Saturday, December 10, 2022

[LeetCode] Destroying Asteroids

Problem: You are given an integer mass, which represents the original mass of a planet. You are further given an integer array asteroids, where asteroids[i] is the mass of the ith asteroid.

You can arrange for the planet to collide with the asteroids in any arbitrary order. If the mass of the planet is greater than or equal to the mass of the asteroid, the asteroid is destroyed and the planet gains the mass of the asteroid. Otherwise, the planet is destroyed.

Return true if all asteroids can be destroyed. Otherwise, return false.

Example:

Input: mass = 10, asteroids = [3,9,19,5,21]
Output: true
Explanation: One way to order the asteroids is [9,19,5,3,21]:
- The planet collides with the asteroid with a mass of 9. New planet mass: 10 + 9 = 19
- The planet collides with the asteroid with a mass of 19. New planet mass: 19 + 19 = 38
- The planet collides with the asteroid with a mass of 5. New planet mass: 38 + 5 = 43
- The planet collides with the asteroid with a mass of 3. New planet mass: 43 + 3 = 46
- The planet collides with the asteroid with a mass of 21. New planet mass: 46 + 21 = 67
All asteroids are destroyed.
Input: mass = 5, asteroids = [4,9,23,4]
Output: false
Explanation: 
The planet cannot ever gain enough mass to destroy the asteroid with a mass of 23.
After the planet destroys the other asteroids, it will have a mass of 5 + 4 + 9 + 4 = 22.
This is less than 23, so a collision would not destroy the last asteroid.

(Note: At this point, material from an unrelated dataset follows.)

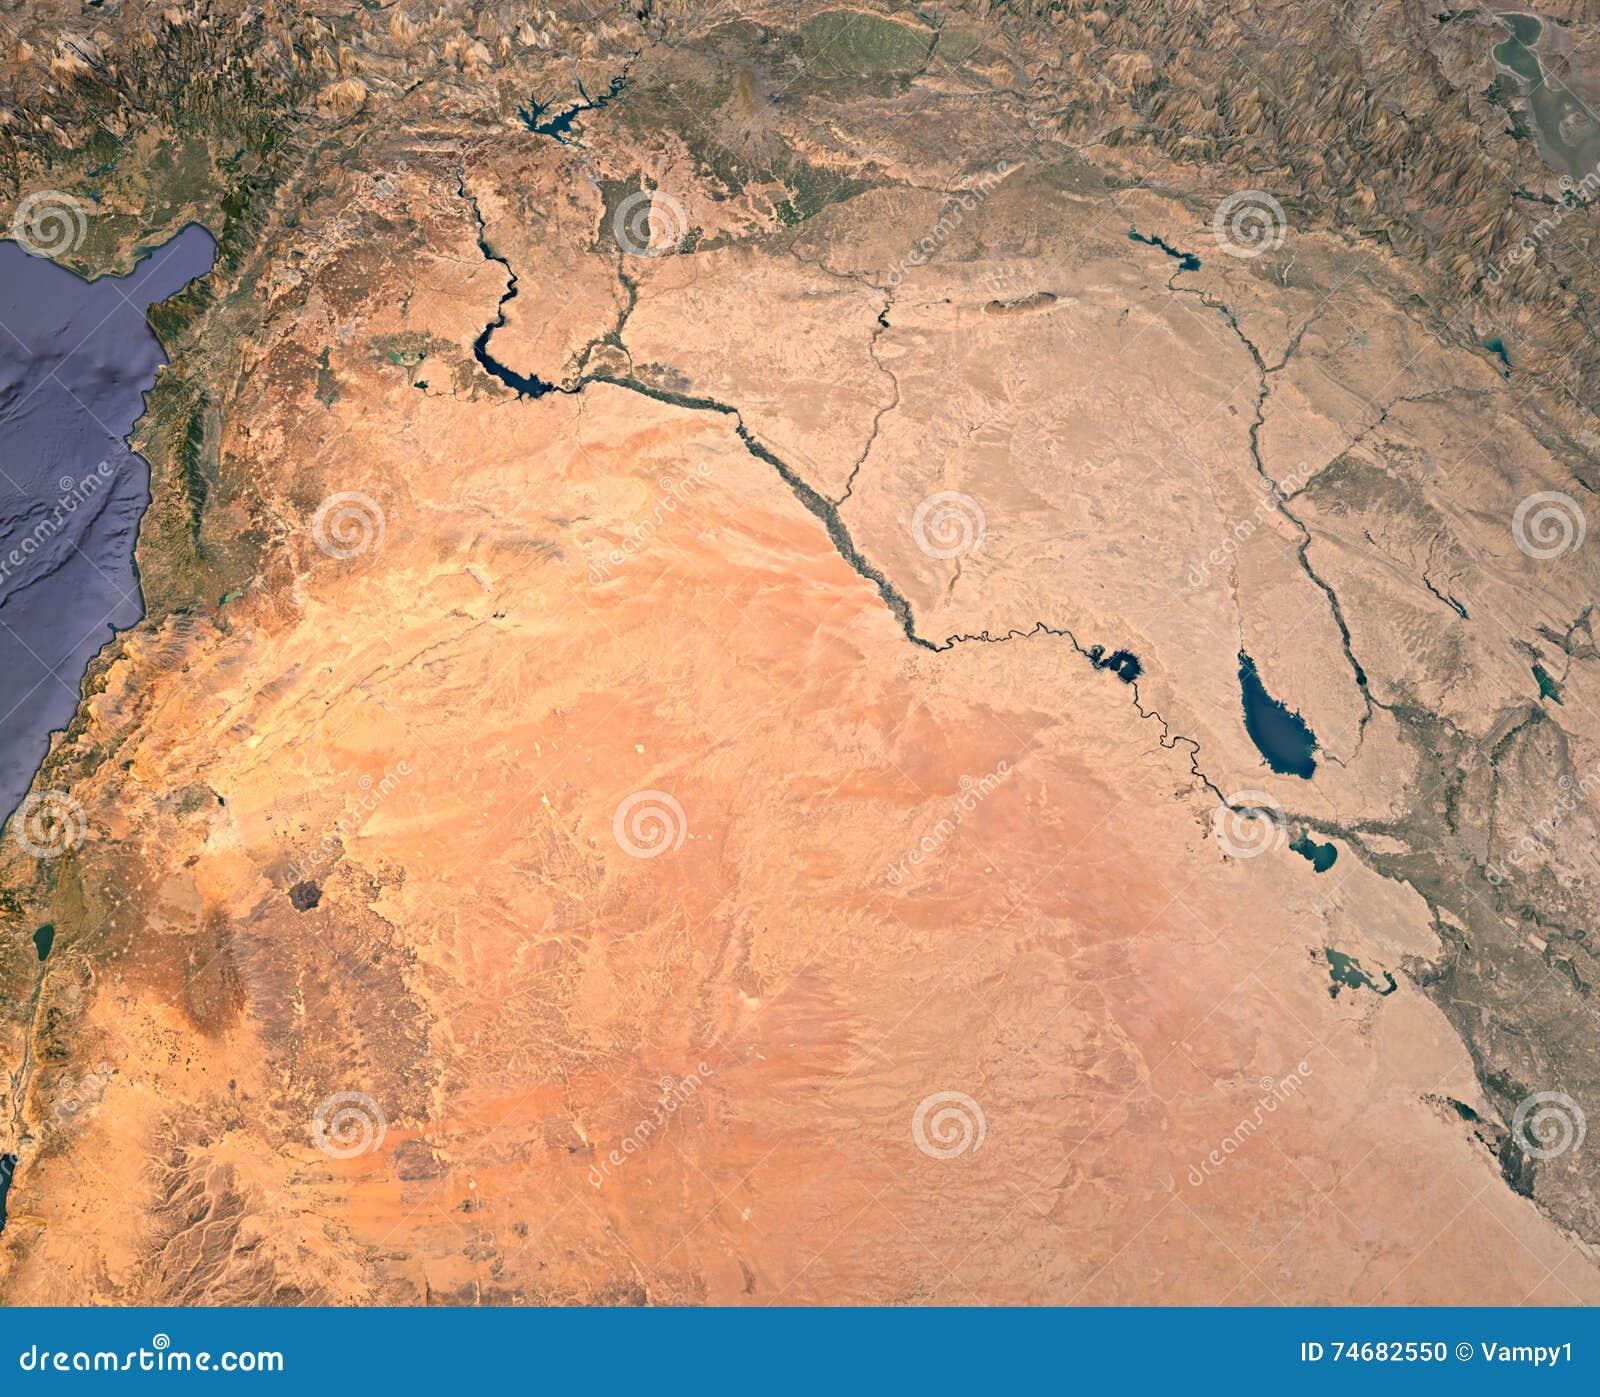 Karte Syrien Irak.Syrien Der Irak Satellitenbild Karte 3d Wiedergabe Land

Approach: Given we can destroy the asteroids in any order. We can be greedy here. We can simply sort the asteroids array and can see one by one if we can destroy each and every asteroid or not.


Implementation in C#:

    public bool AsteroidsDestroyed(int mass, int[] asteroids)
{
int length = asteroids?.Length ?? 0;
if (length == 0)
{
return true;
}
Array.Sort(asteroids);
long tempMass = mass;
foreach(int asteroid in asteroids)
{
if (tempMass < asteroid)
{
return false;
}
tempMass += asteroid;
}
return true;
}

Complexity: O(nlogn)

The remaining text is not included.